4.7 Invisible Hand and Problems with Global Trade


The problem that faced Smith's Free Market system was that Britain, like most other nations, was still practicing an economic system called "mercantilism", which meant that a country could attain growth and prosperity by selling more of its products while not importing goods from elsewhere. Britain could obtain raw goods from its colonies, manufacture them in Britain, and then ship them back to be sold in the colonies.


The problem was that trade growth was limited.

For Smith, however, the invisible hand was the mechanism that should be used to allow economies to grow. Manufacturers who wanted to sell more would have to hire workers to produce more. This would make more of the product available and increase demand. If more then one manufacturer made the product, competition would exist between the two, and this would ensure that better products would be made and higher salaries paid for skilled workers. A market left to operate under this principal was called a free market, and the invisible hand would drive it. If, however, the manufacturer was told how to sell his product, like in a command economy as proposed by Karl Marx, the invisible hand would not work.

Global Free Trade


In colonial times, the imperial powers had much control over how trade occurred. Trade was not "open" or "free". In fact, it was very controlled to maintain the wealth and power of the rich countries and their citizens. Although trade with the colonies did provide for an exchange of wealth among nations, the way trade was managed benefitted the already wealthy nations far more than it benefitted other nations.

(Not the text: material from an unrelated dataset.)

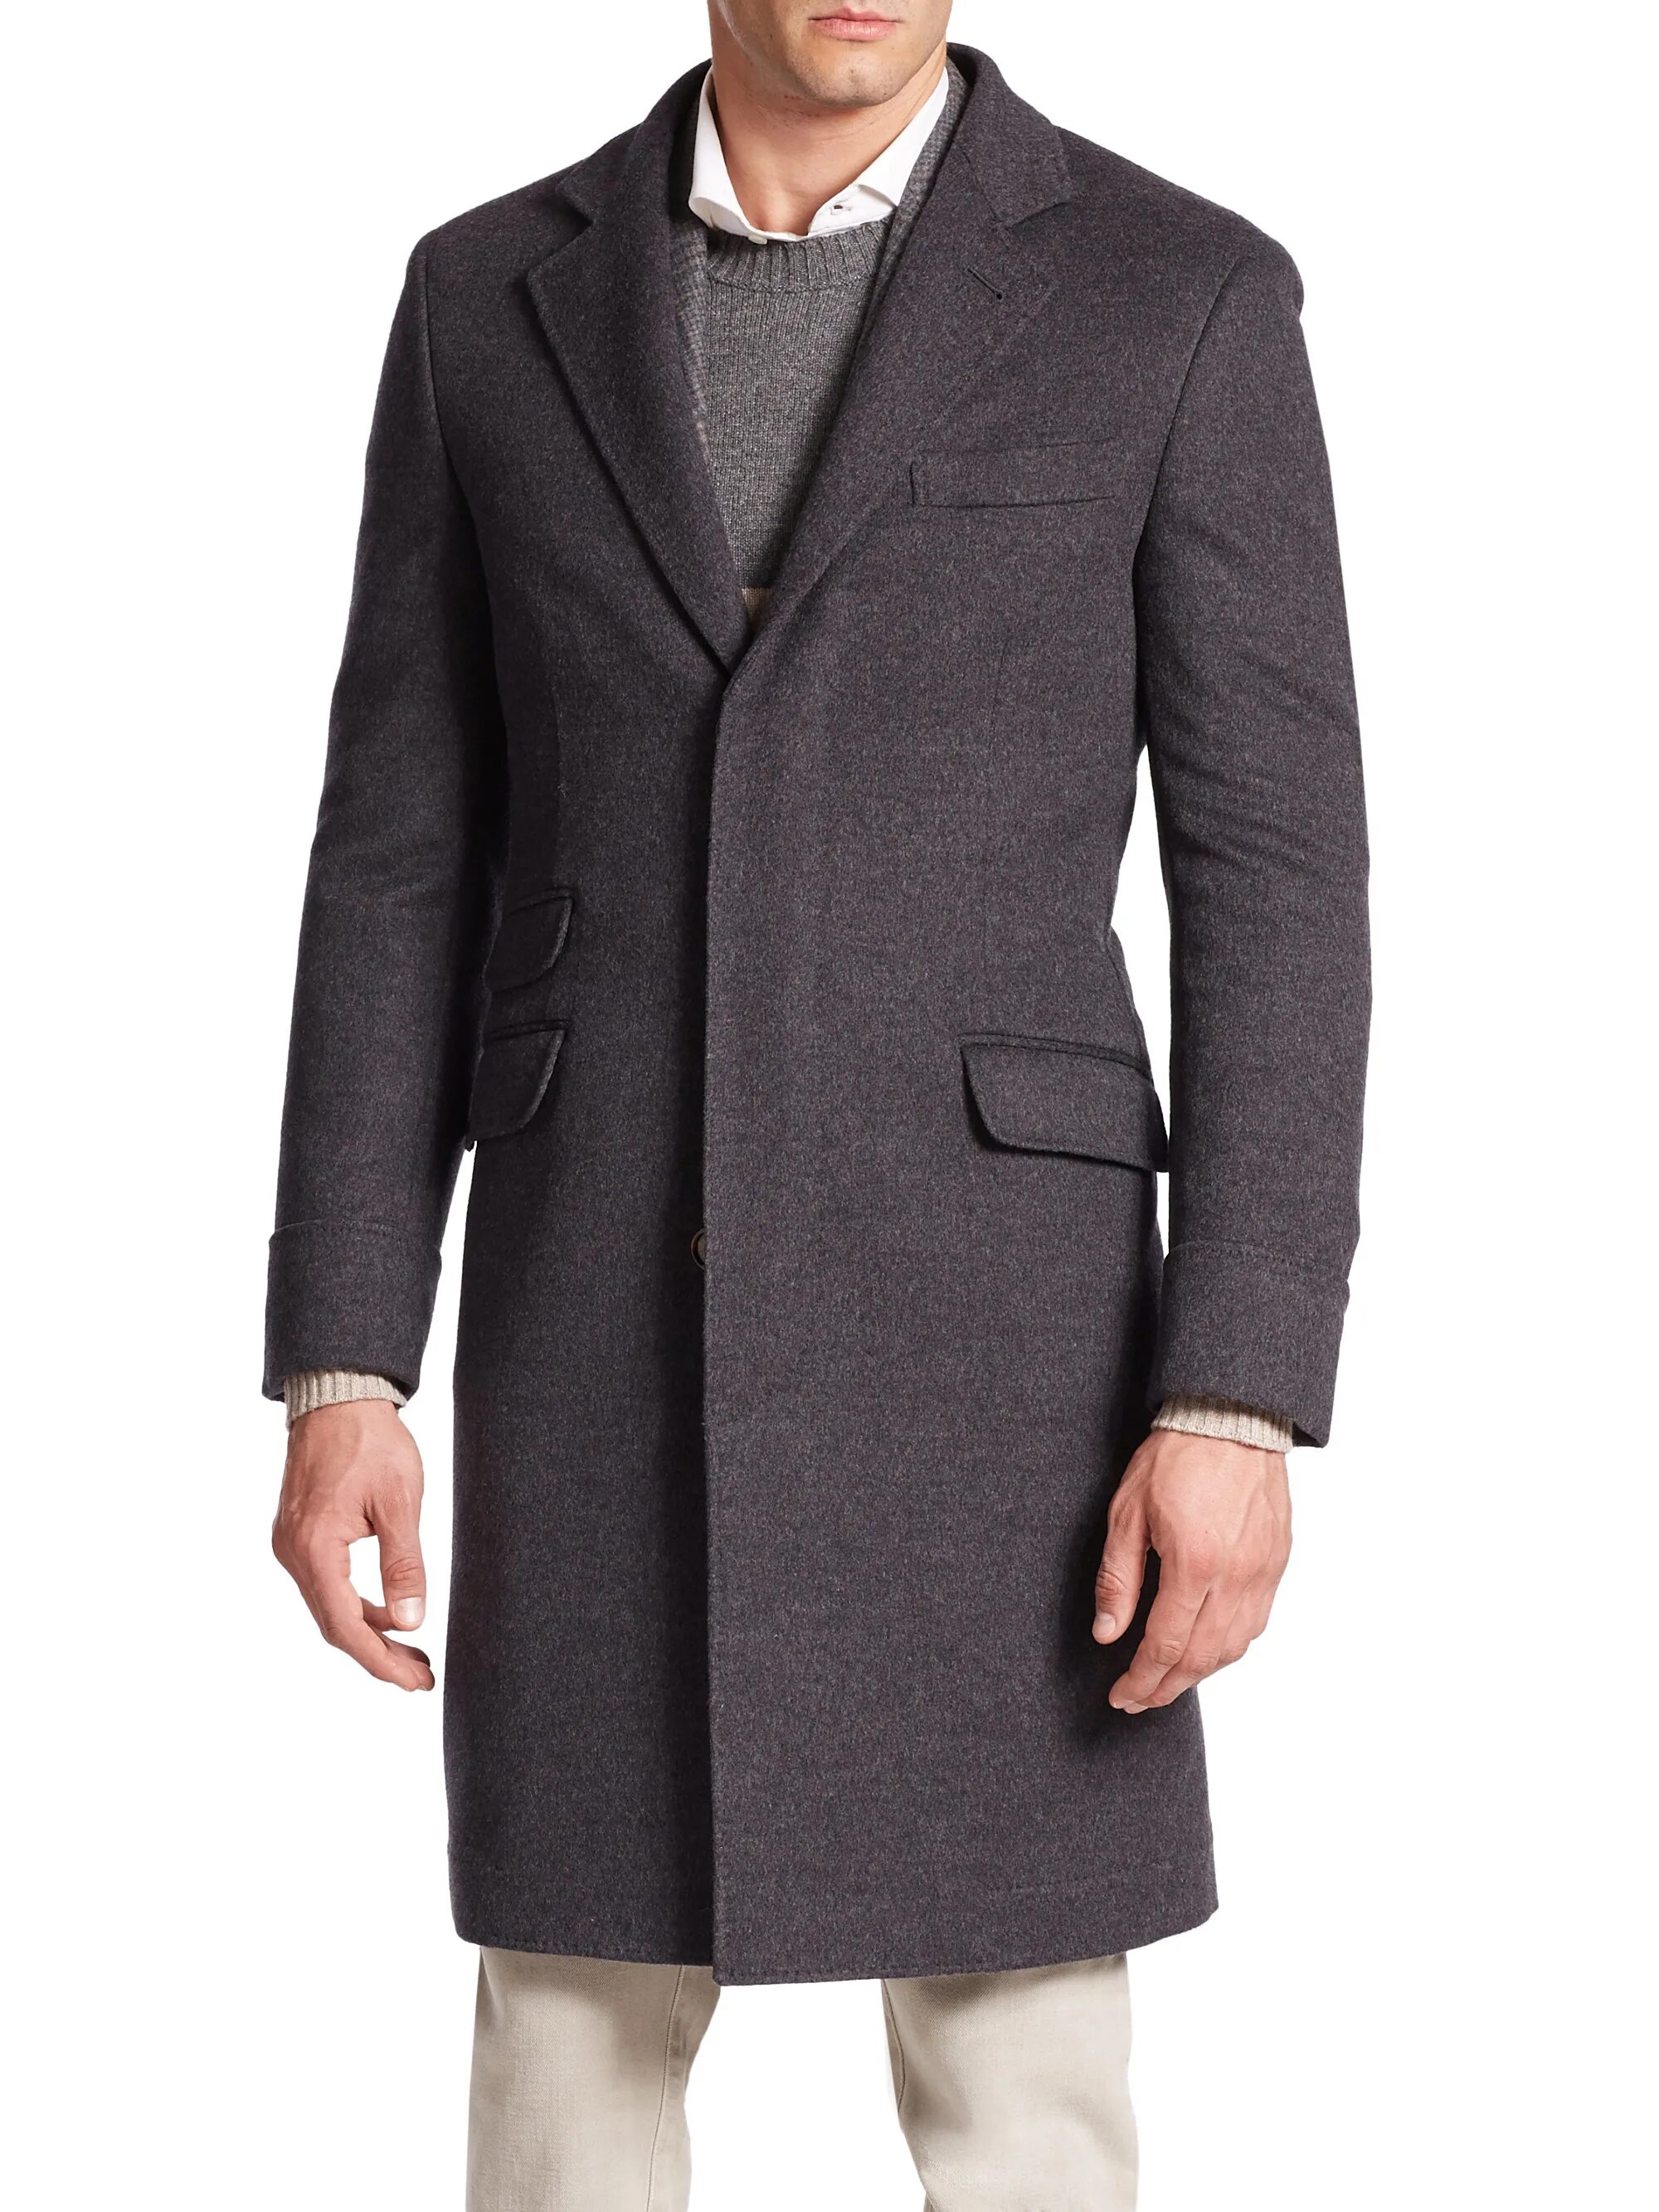 Мужской кашемир. Brunello Cucinelli Coat. Brunello Cucinelli Jacket Grey Wool. Crombie пальто мужское. Brunello Cucinelli пальто мужское.

For example, the inventions of the Industrial Revolution created the technology to make Britain efficient at making textiles in factories. Britain's colonies in India provided the raw material of cotton. Transportation technology allowed them to ship their textiles all over the world. Textiles were traded along with other manufactured goods in marketplaces all around the globe.


Today, the trade of raw materials for manufactured goods occurs between Canada and other countries. For example, Alberta has become rich because of abundant oil and gas resources. In effect, Alberta sells oil and gas produced by the workers in this province. With their wages and investment in extraction, manufacturing, and service industries, people buy cars, stereos, computers, and Christmas tree ornamentsβ€”all things not produced in Alberta. The difference between now and then is that the colonies did not have a choice about who they could sell their products to and who they could buy them from. In today's globalized world, our main trading partner may be the United States, but we also trade with countries all over the world.

Quotas, tariffs, and dumping are ways in which a more powerful nation can exert control over a less powerful nation. They are all elements of protectionism. That is, they protect the industries of the powerful nation and stand in the way of free trade.